[[ Source material open ]]

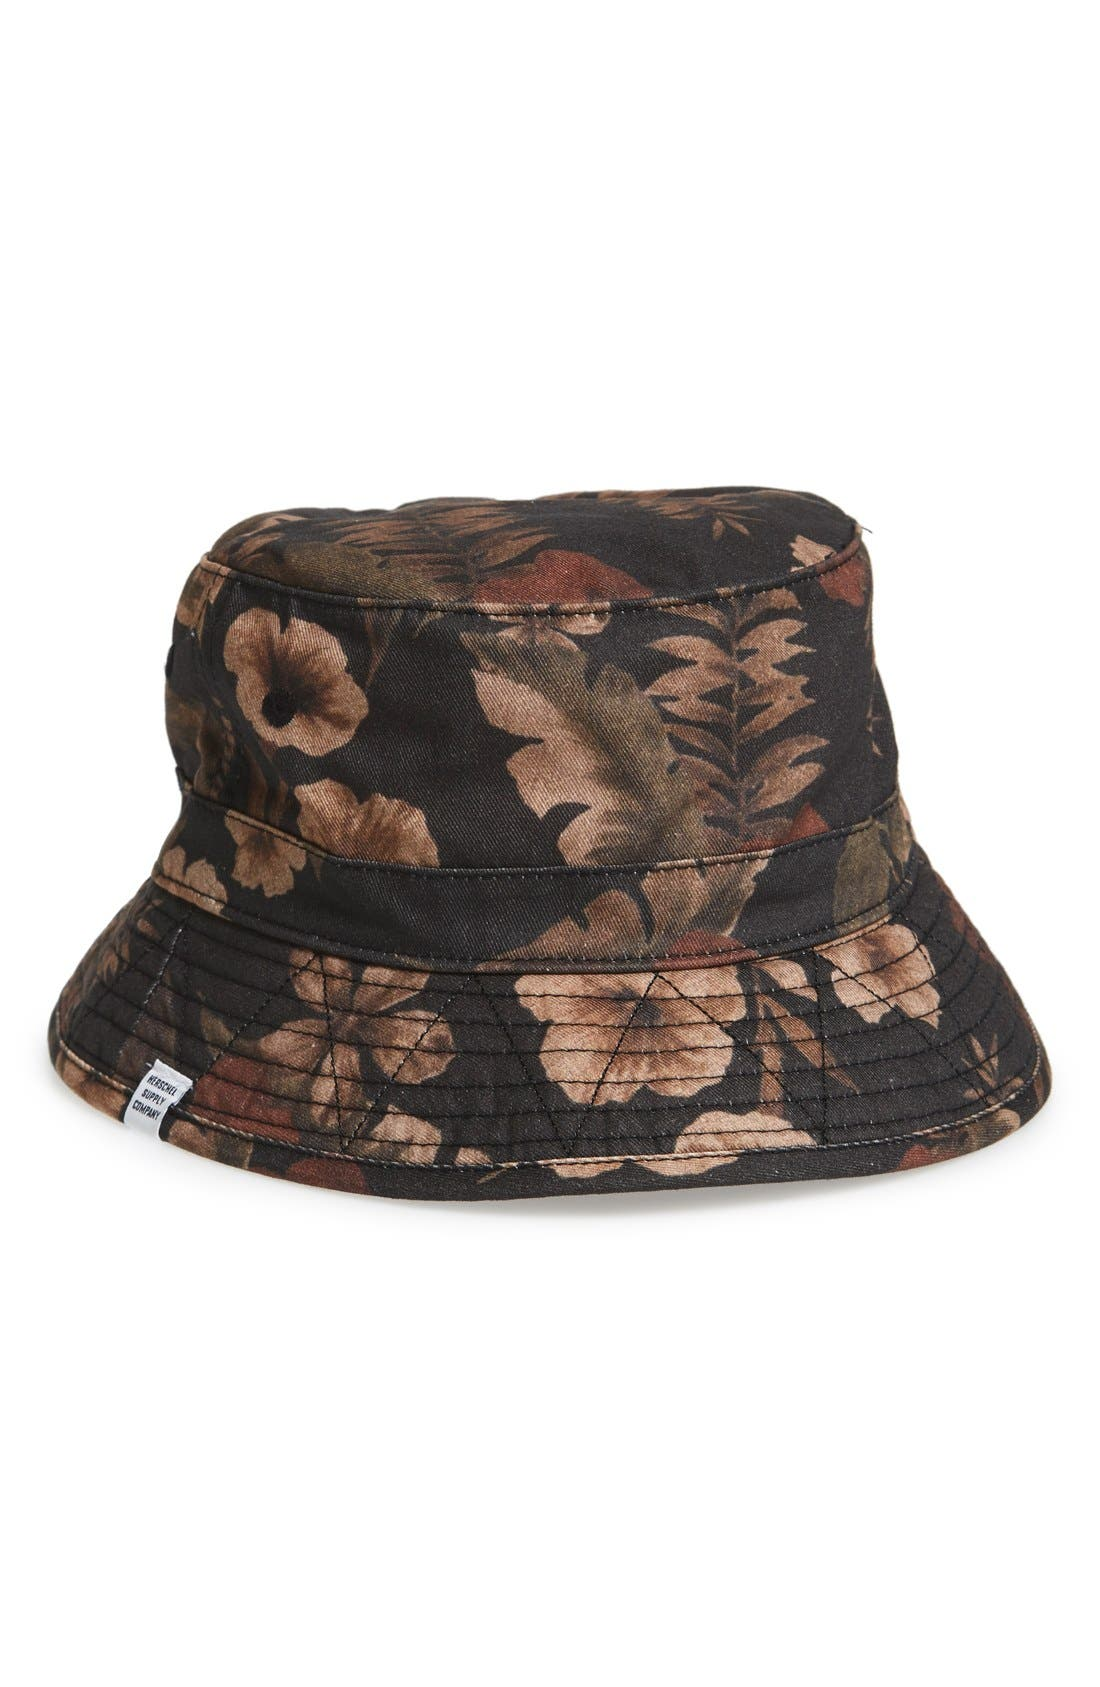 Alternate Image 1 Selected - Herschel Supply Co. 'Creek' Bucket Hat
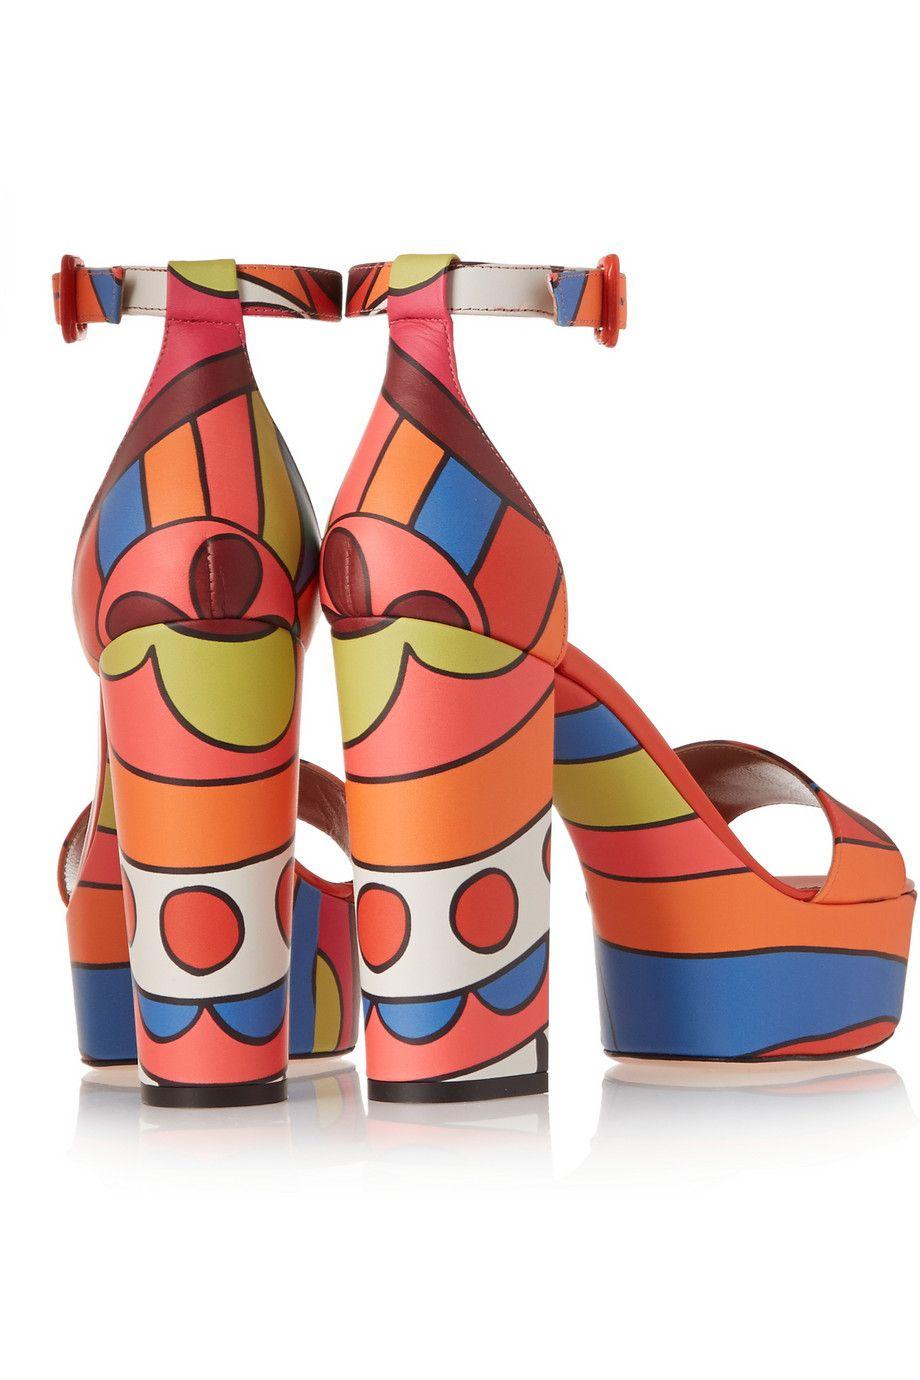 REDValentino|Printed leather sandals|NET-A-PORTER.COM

[[ Source material closed ]]
[[ Source material open ]]

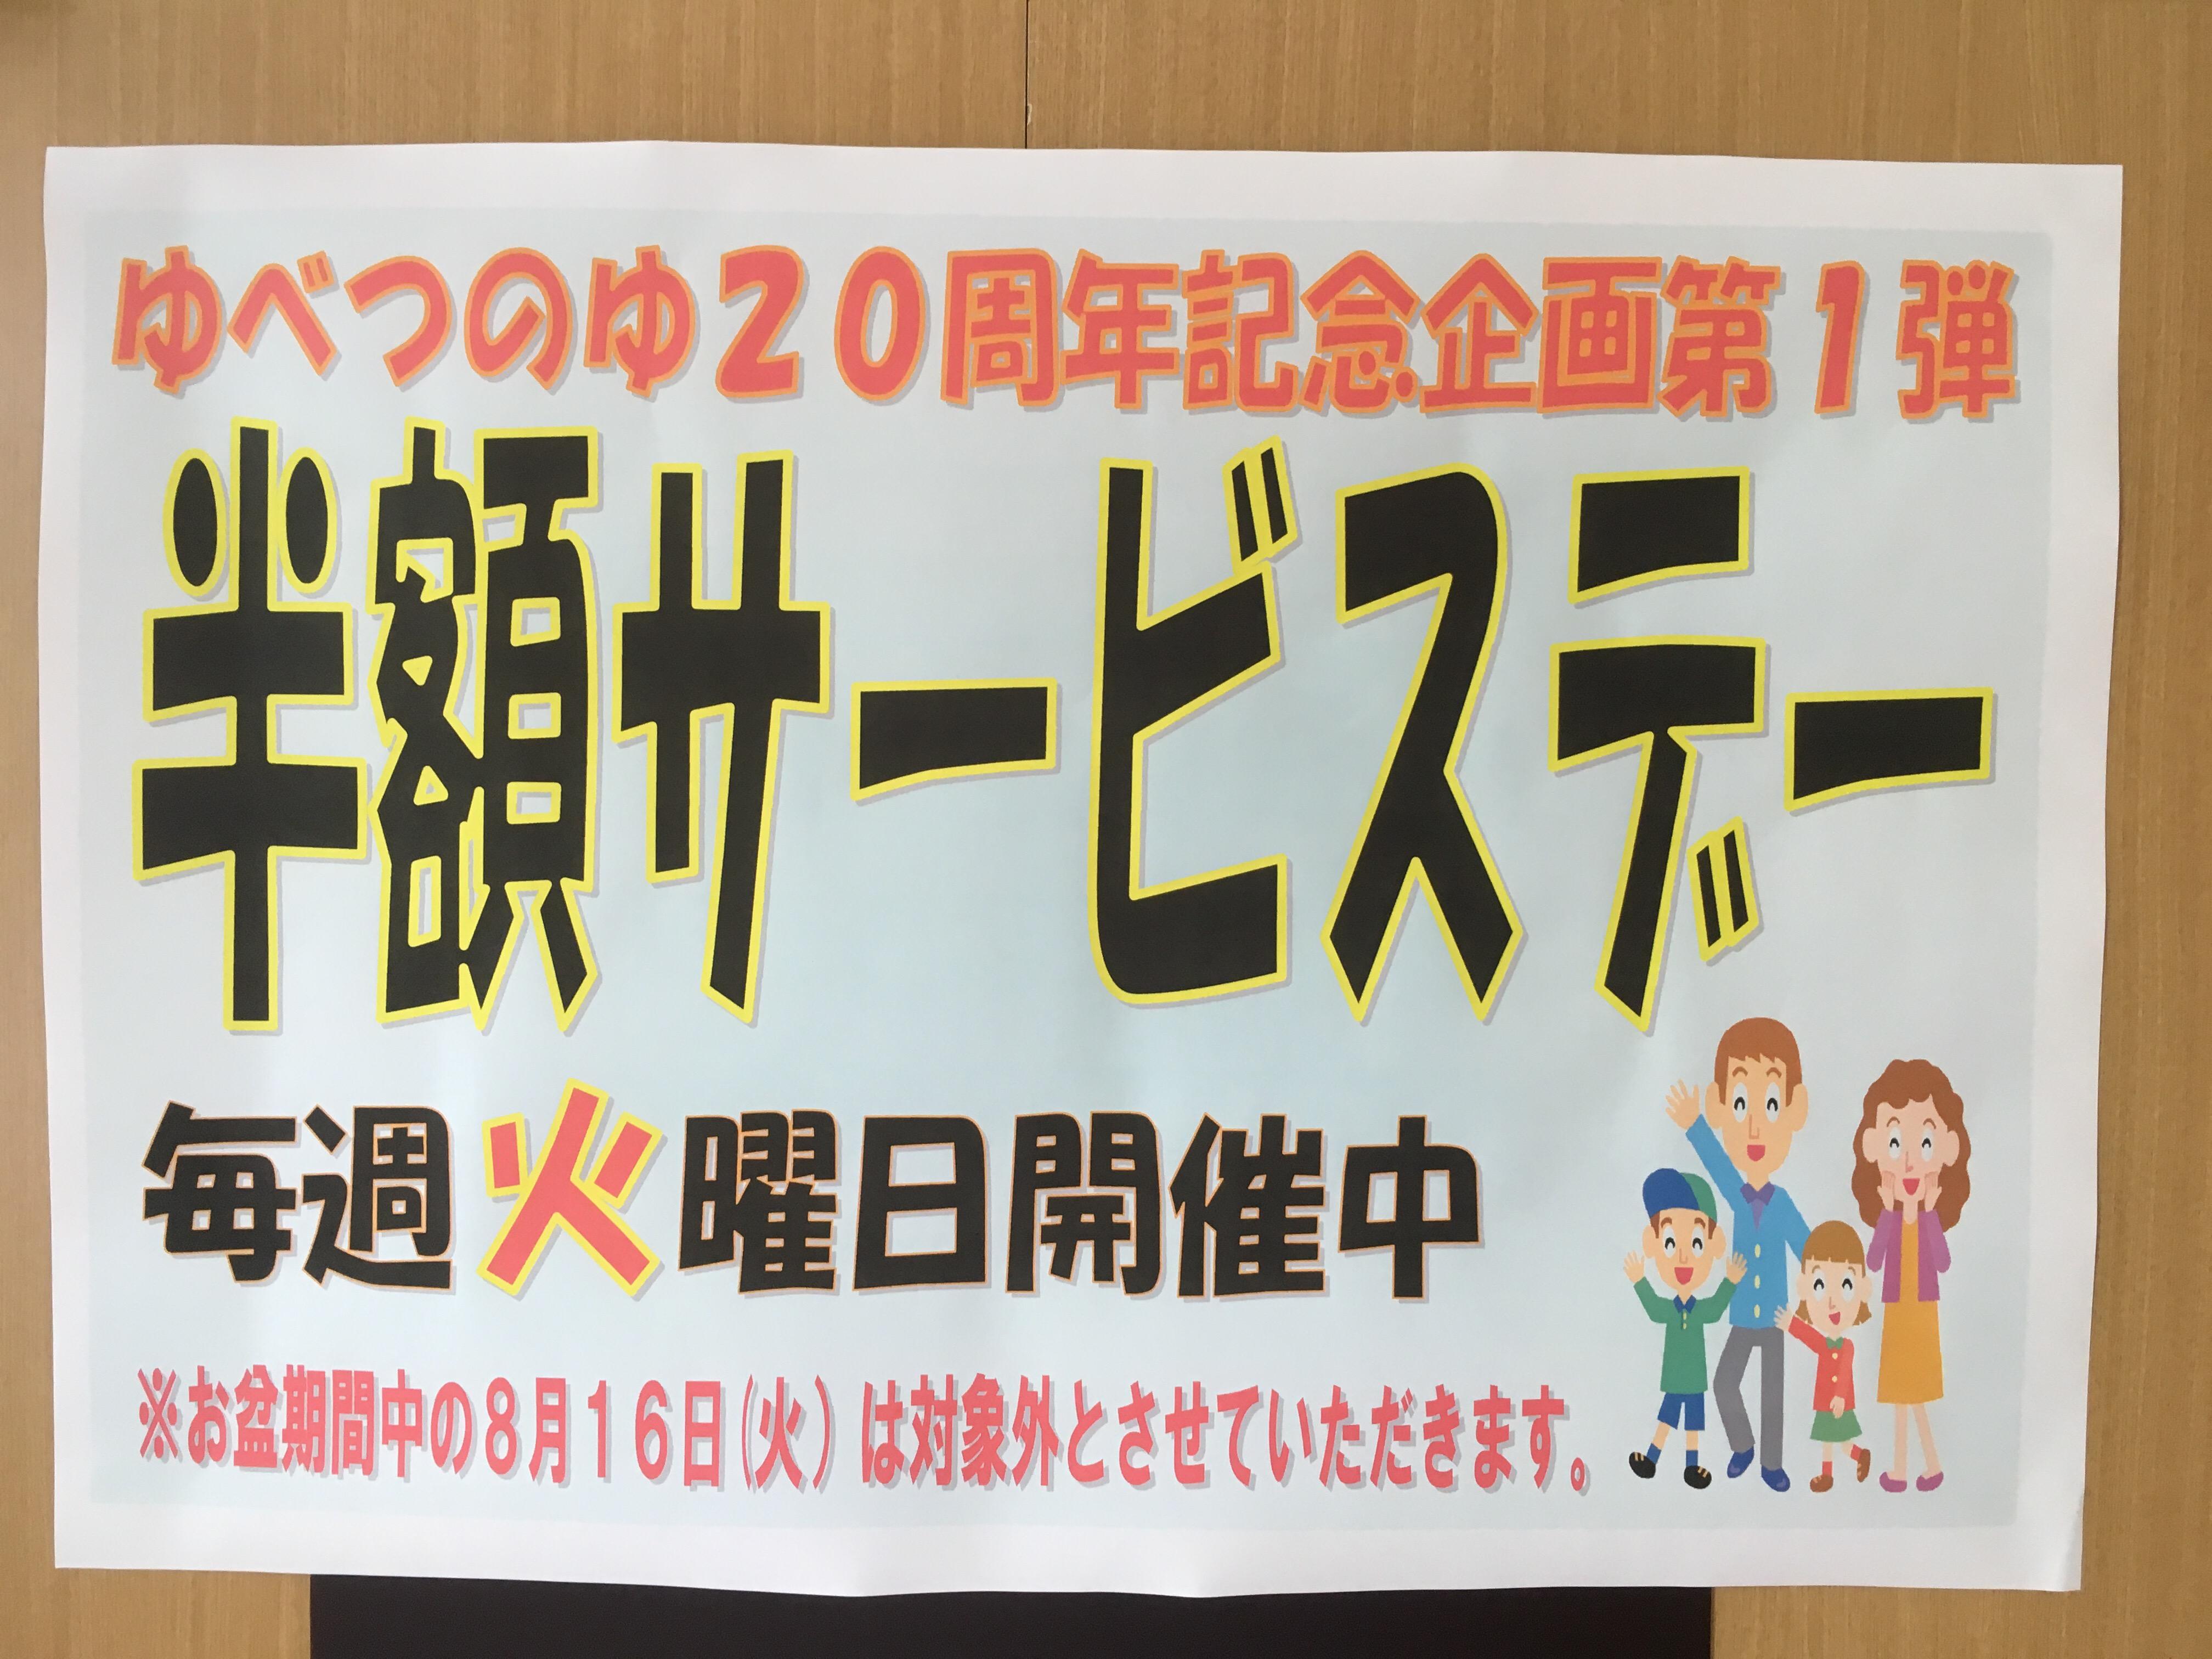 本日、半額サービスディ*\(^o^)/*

[[ Source material closed ]]
[[ Source material open ]]

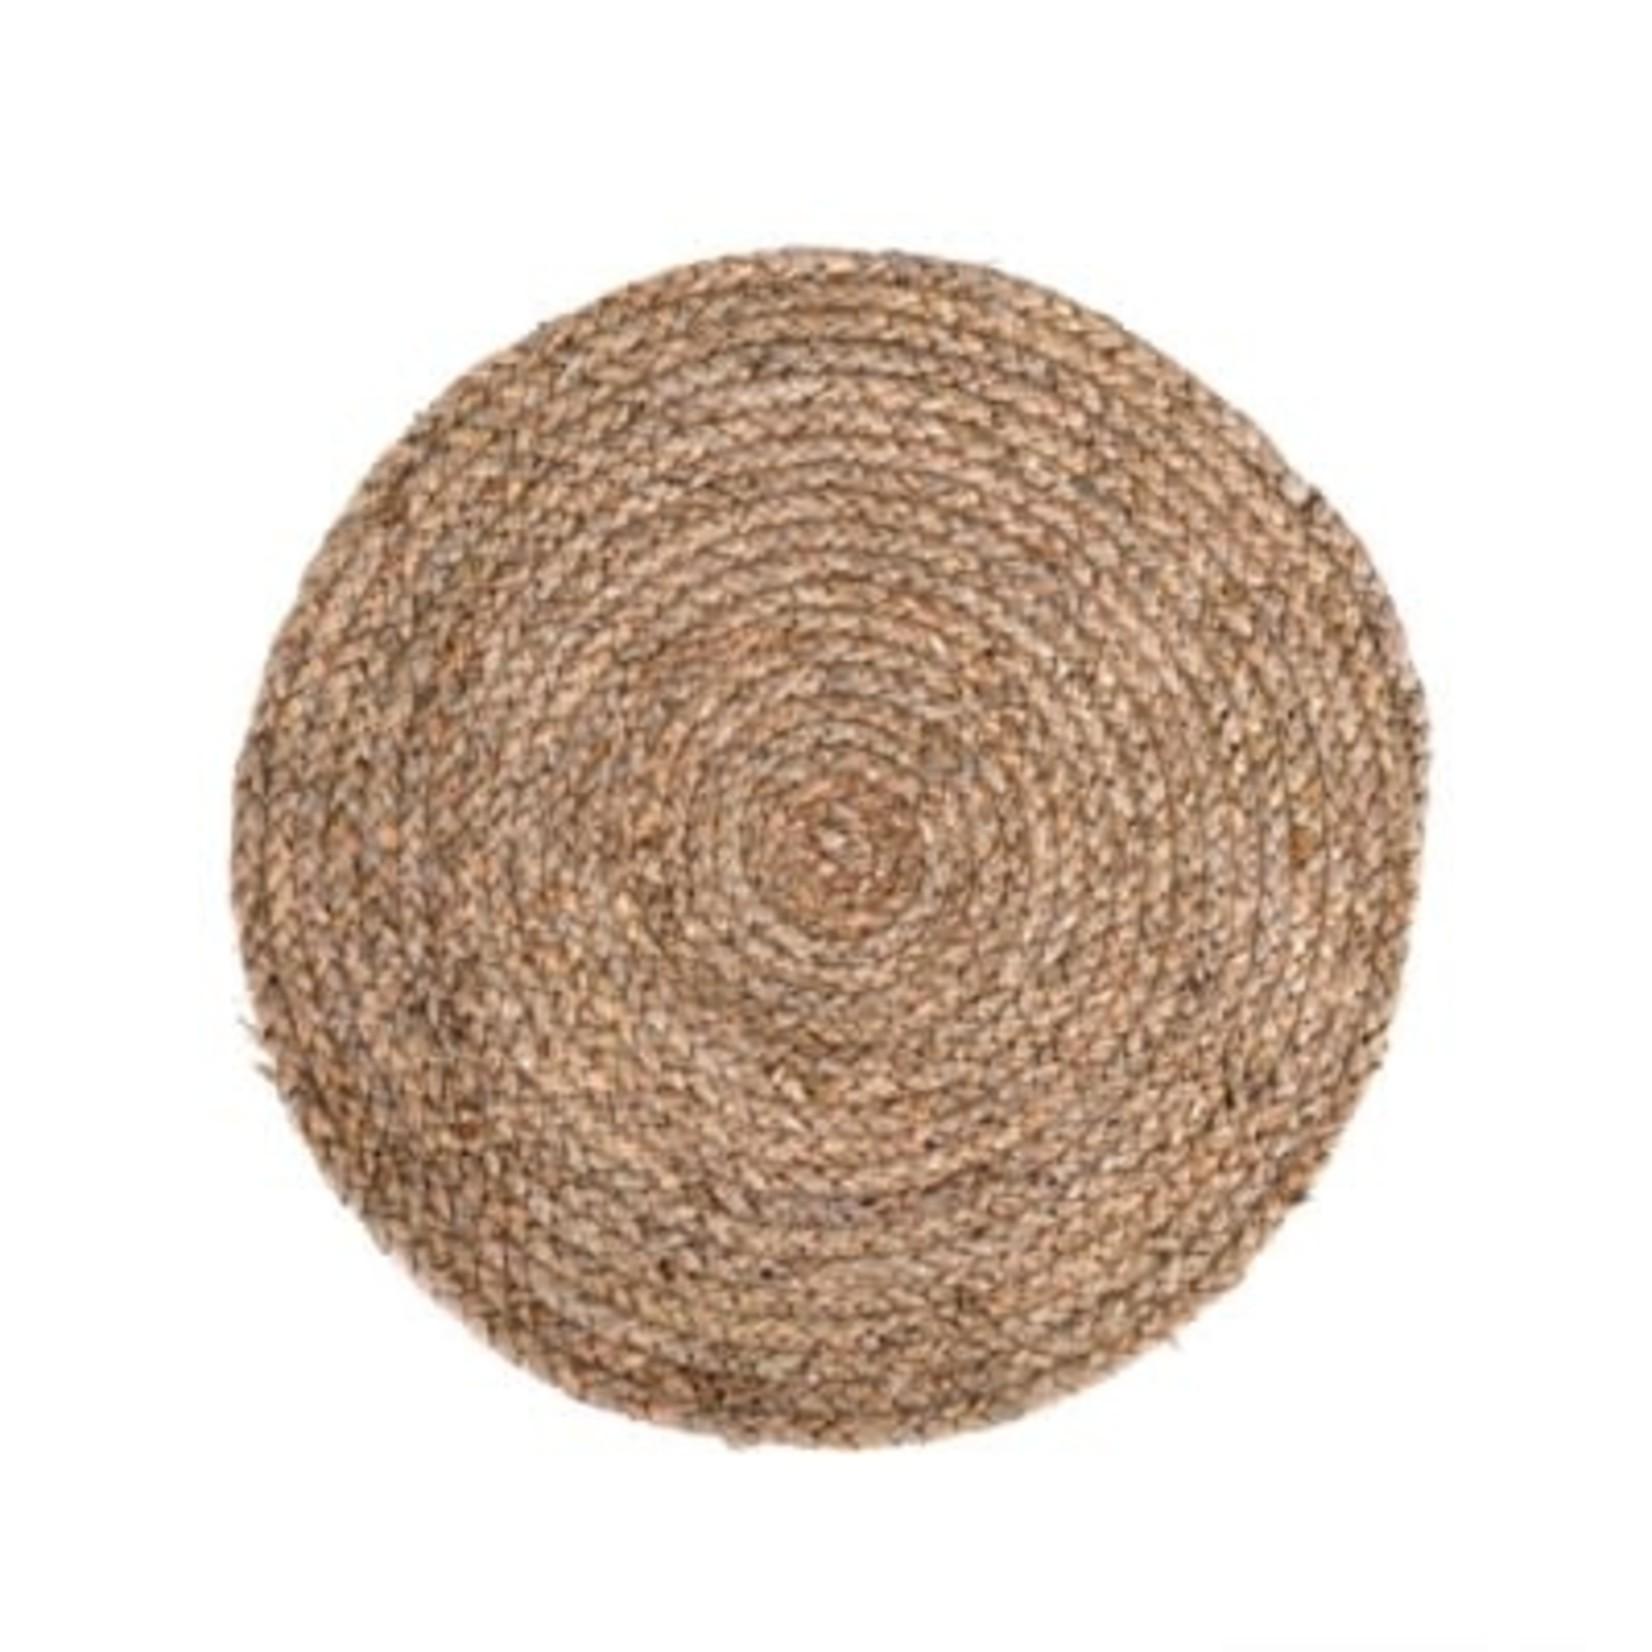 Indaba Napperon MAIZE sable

[[ Source material closed ]]

§ **Task to complete**: Nothing but the lines above from the line with "Alternate Image 1" up to and including the line with "REDValentino|Printed leather sandals|NET-A-PORTER.COM" should be returned, exactly as written and without pictures.

§ **Response area**:
 Alternate Image 1 Selected - Herschel Supply Co. 'Creek' Bucket Hat
 REDValentino|Printed leather sandals|NET-A-PORTER.COM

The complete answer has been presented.